Wijaya Karya (WIKA): Kemampuan kami membayar utang masih cukup



KONTAN.CO.ID - JAKARTA. Akhir pekan lalu, lembaga pemeringkat Fitch Ratings merilis laporan yang menyatakan rating headroom perusahaan konstruksi pelat merah, khususnya PT Wijaya Karya Tbk (WIKA) dan PT Waskita Karya Tbk (WSKT) semakin terbatas. Rating headroom mengukur seberapa besar ruang yang dimiliki perusahaan sebelum menghadapi penurunan peringkat. Semakin terbatas rating headroom, maka potensi penurunan peringkat utang makin besar.
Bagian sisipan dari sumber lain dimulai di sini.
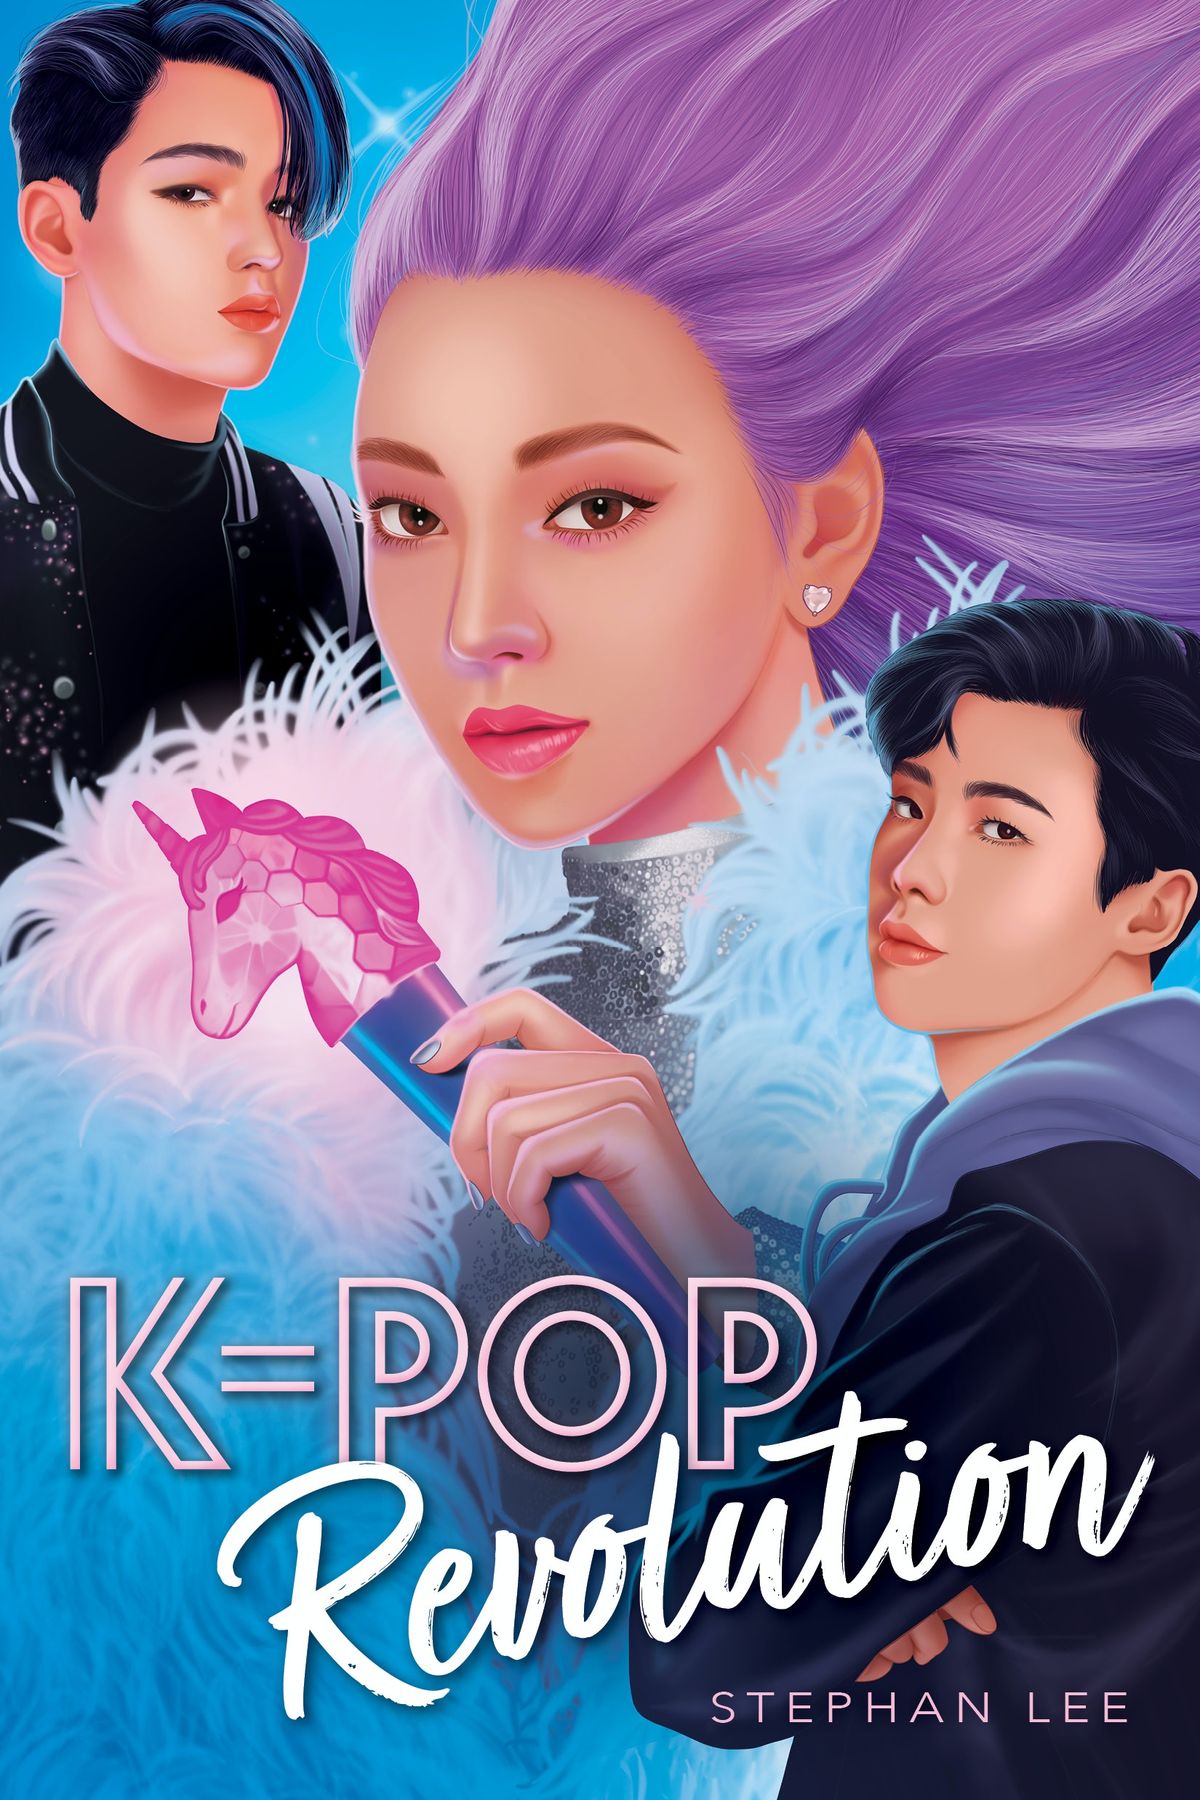 Werfen Sie einen ersten Blick auf Stephan Lees vertrauliche Fortsetzung von K-Pop, K-Pop Revolution

Belum lama ini, tepatnya pada 10 September 2020, Fitch memang mengubah peringkat long-term foreign-local-currency issuer default ratings (IDR) Wijaya Karya dari BB (idn) menjadi BB- (idn). Fitch juga menurunkan peringkat nasional jangka panjang WIKA, dari AA- (idn) menjadi menjadi A (idn). Prospek Wijaya Karya pun turut bergeser menjadi watch negative.
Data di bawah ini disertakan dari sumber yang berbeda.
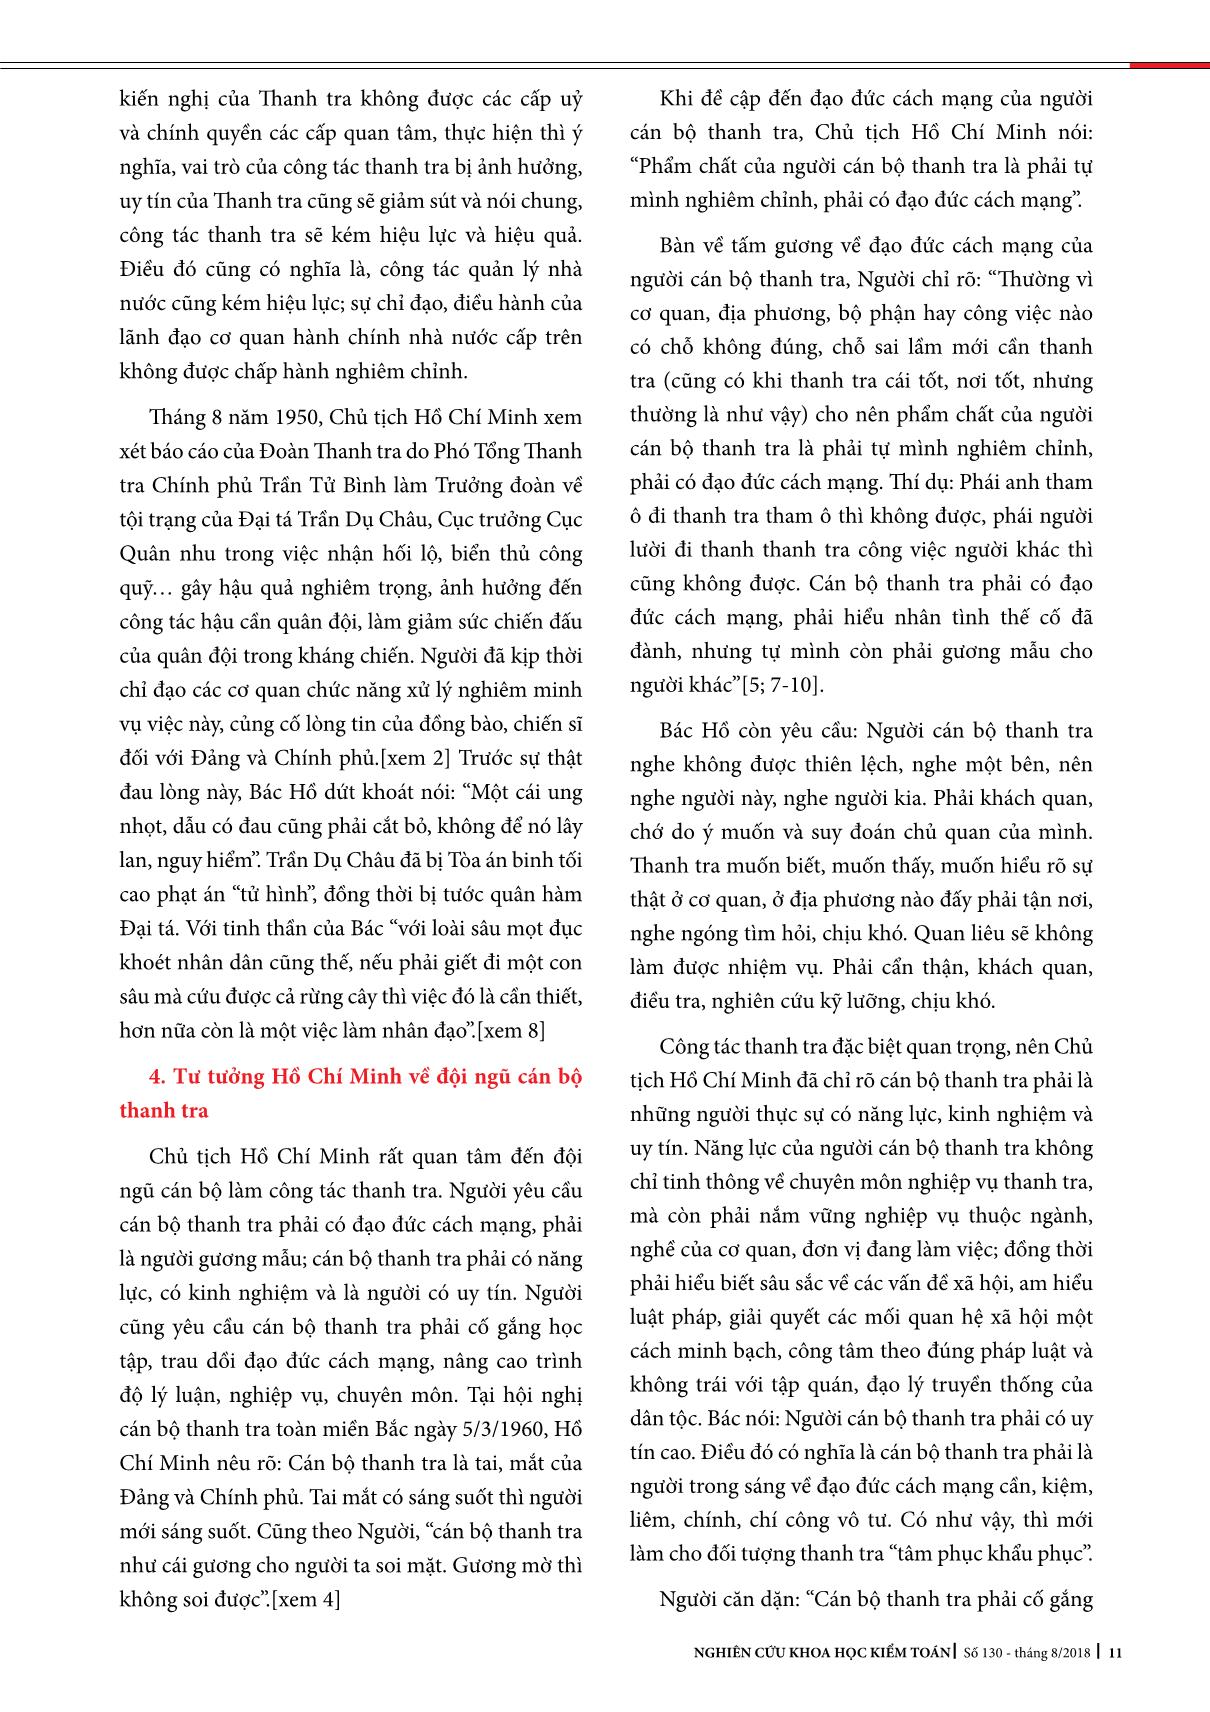 Tư tưởng Hồ Chí Minh về công tác thanh tra trang 6

Merespons hal ini, manajemen Wijaya Karya memandang bahwa penurunan peringkat dari Fitch perlu disikapi dengan bijak tanpa mengurangi sedikit pun optimisme Wijaya Karya pada semester kedua 2020. Manajemen menduga, ada beberapa faktor yang menjadi pemantik penurunan peringkat ini.


Pertama, kinerja Wijaya Karya pada kuartal II-2020 yang lebih lemah dibandingkan ekpektasi Fitch. Kedua, kapasitas WIKA untuk refinancing pinjaman yang jatuh tempo. Ketiga, perlambatan industri konstruksi akibat pandemi. Keempat, bergesernya prioritas pemerintah dari konstruksi ke pengendalian Covid-19.
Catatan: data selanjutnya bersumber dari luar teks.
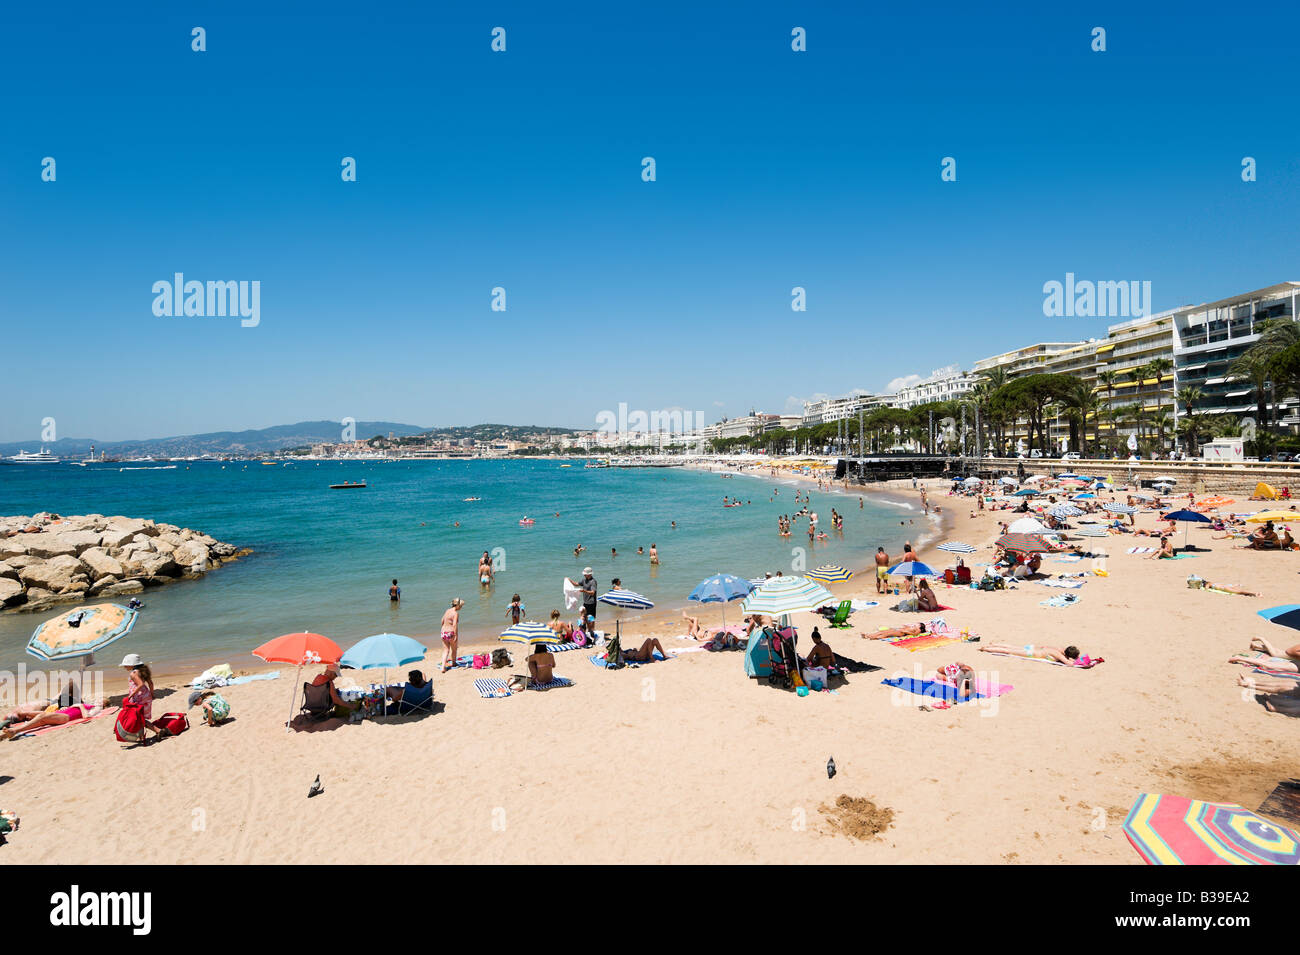 Plage de la Croisette (La Croisette Beach), Cannes, Cote d'Azur, Provenza, Francia Foto de stock

Baca Juga: Likuiditas kian ketat, simak prospek empat emiten konstruksi pelat merah

Meskipun begitu, Direktur Utama Wijaya Karya Agung Budi Waskito meyakini bahwa kemampuan Wijaya Karya untuk menyelesaikan kewajiban, terutama utang jangka pendek masih sangat cukup. "Penurunan peringkat itu bukan sesuatu yang sifatnya absolut dan akan menghambat kinerja perusahaan. Keduanya masih mencerminkan kemampuan keuangan perusahaan terhadap pemenuhan kewajibannya. WIKA tetap akan menjaga rasio utang tetap sehat di level covenant,” tutur Agung kepada Kontan.co.id, Selasa (22/9).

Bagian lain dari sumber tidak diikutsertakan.